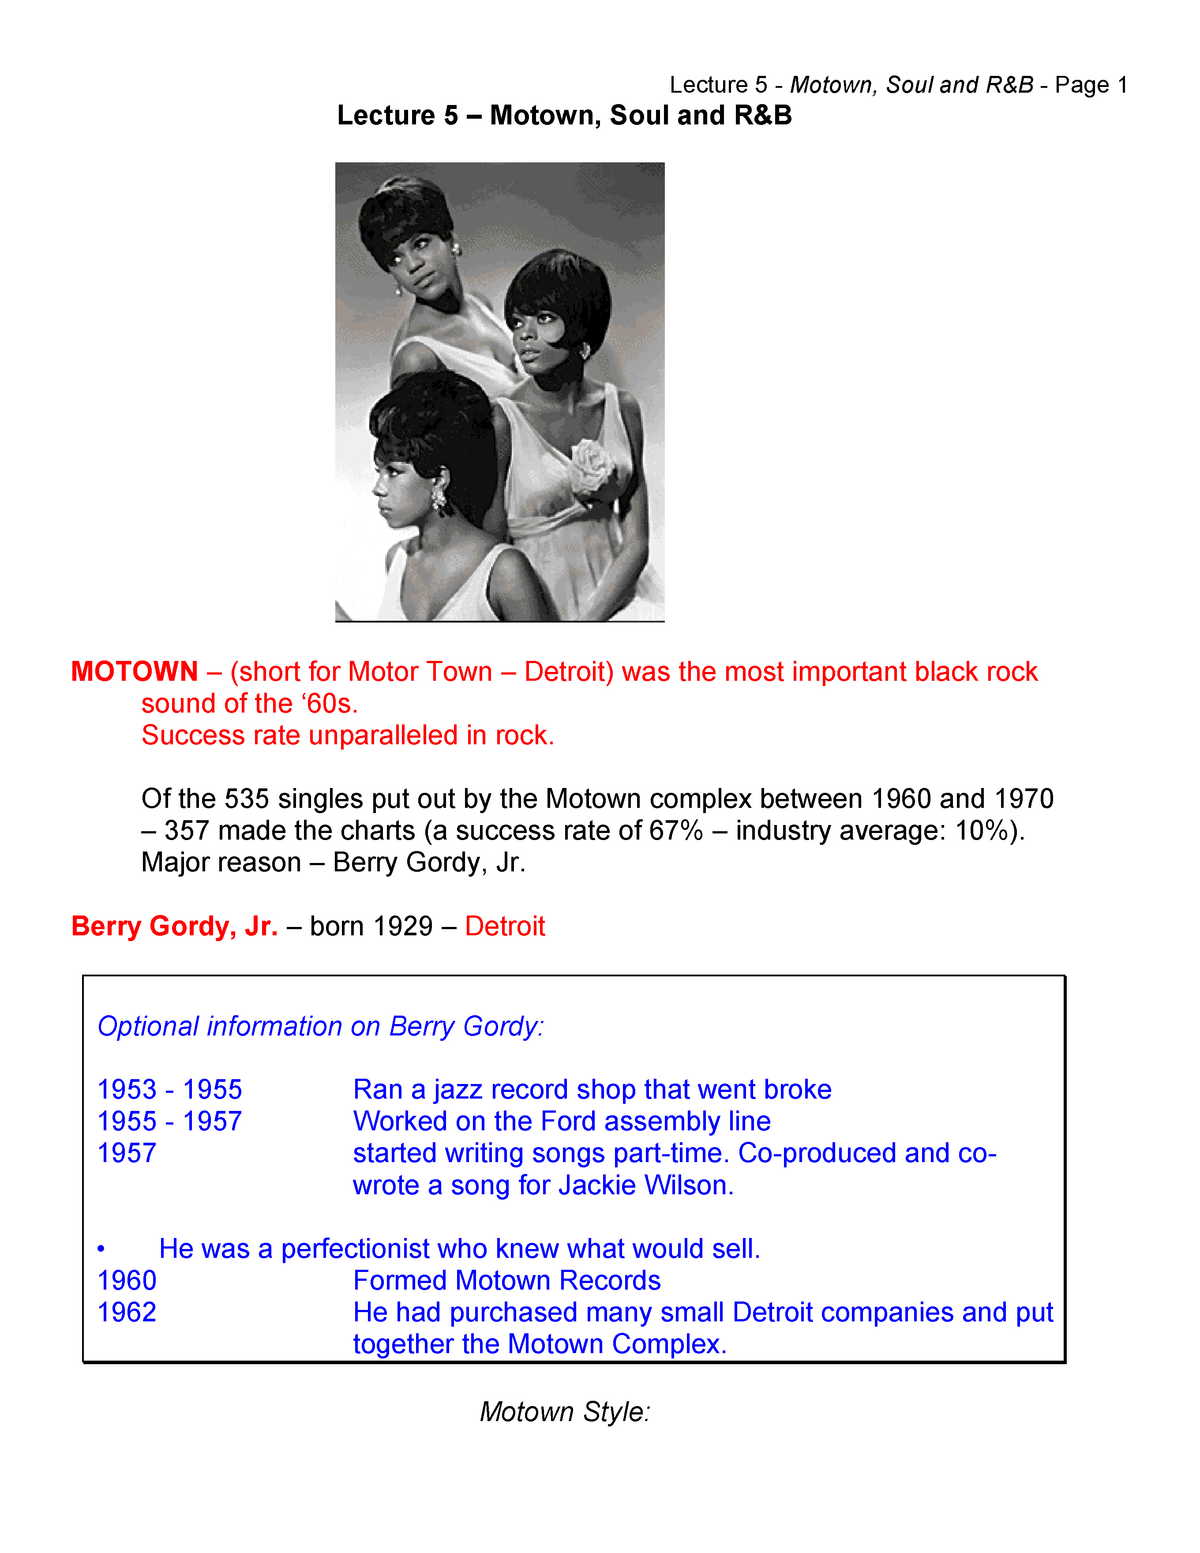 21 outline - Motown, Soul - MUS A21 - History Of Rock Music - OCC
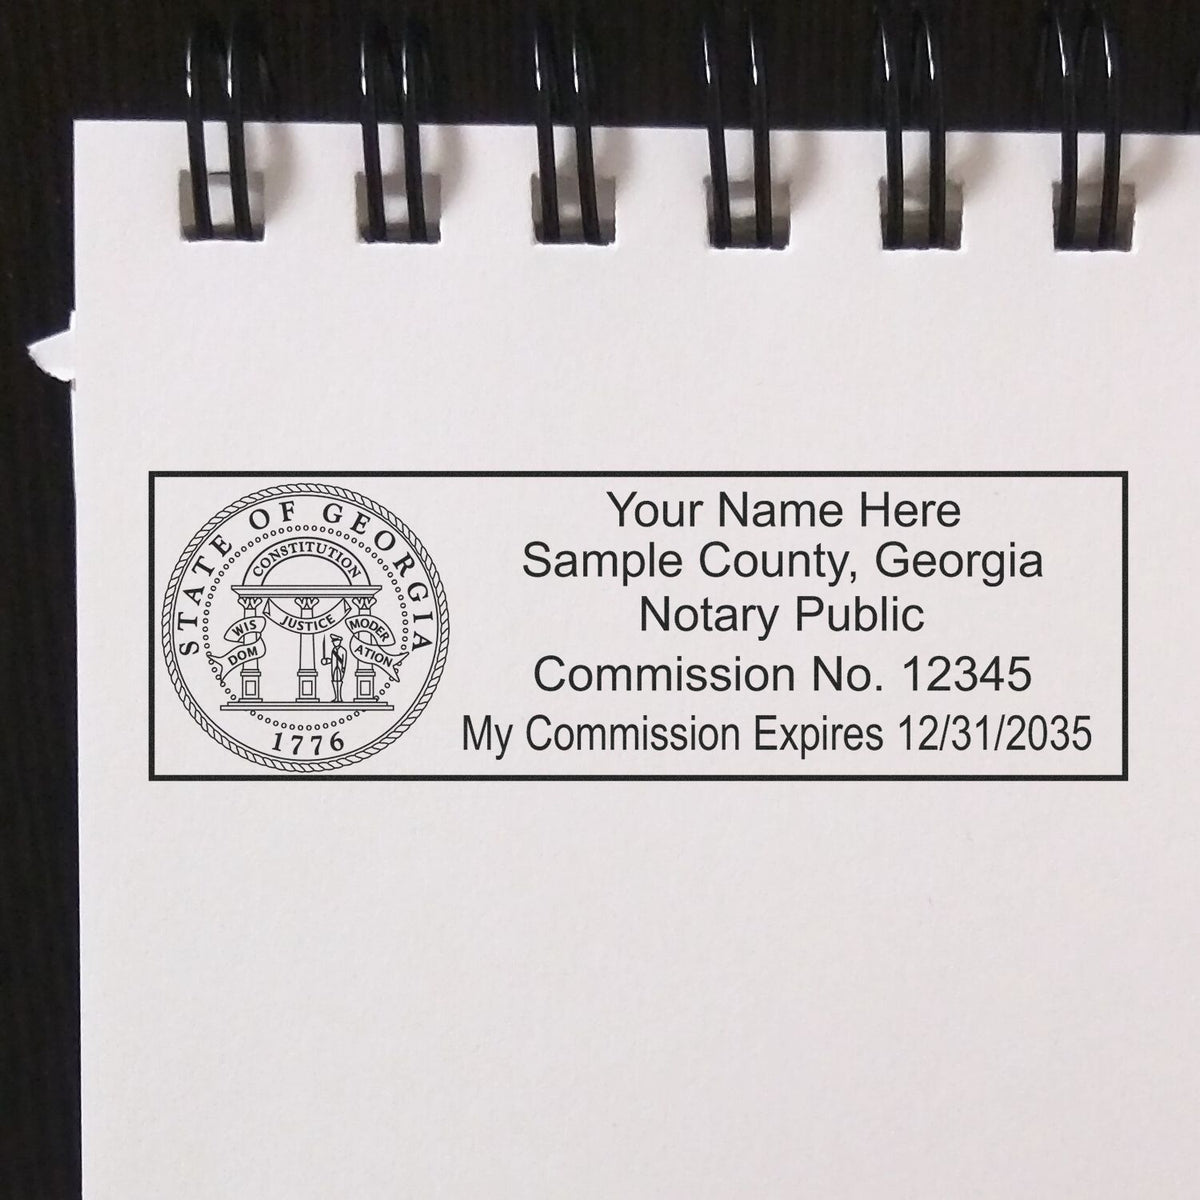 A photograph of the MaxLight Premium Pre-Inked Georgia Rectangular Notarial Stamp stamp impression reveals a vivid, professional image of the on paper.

--

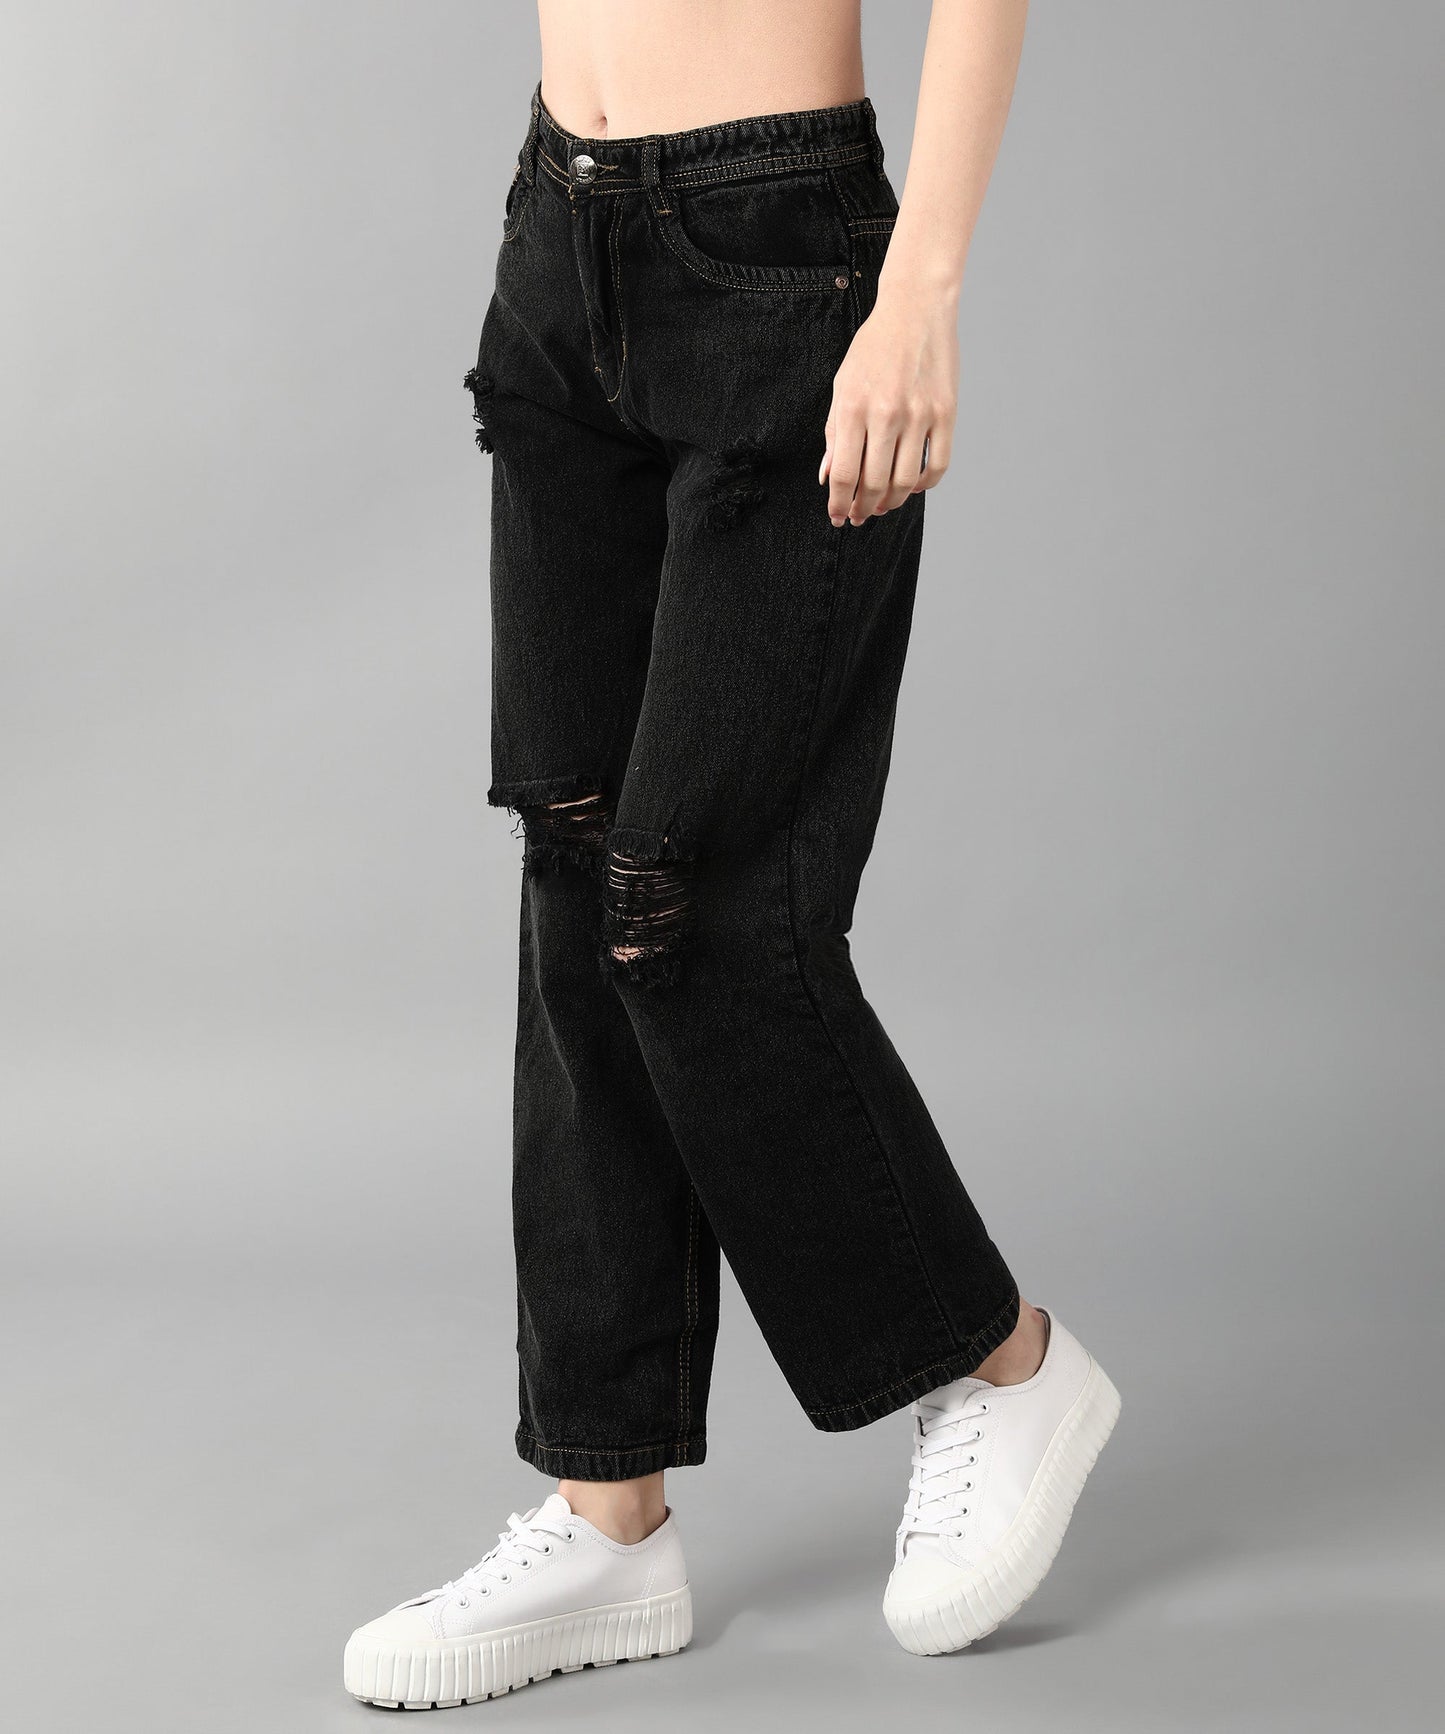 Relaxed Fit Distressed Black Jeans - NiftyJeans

--- What this task involves ---
Go to the line above holding "21 outline - Motown, Soul", then copy exactly each line down to and including the one holding "A photograph of", leaving pictures out.

--- Written reply ---
 21 outline - Motown, Soul - MUS A21 - History Of Rock Music - OCC
 A photograph of the MaxLight Premium Pre-Inked Georgia Rectangular Notarial Stamp stamp impression reveals a vivid, professional image of the on paper.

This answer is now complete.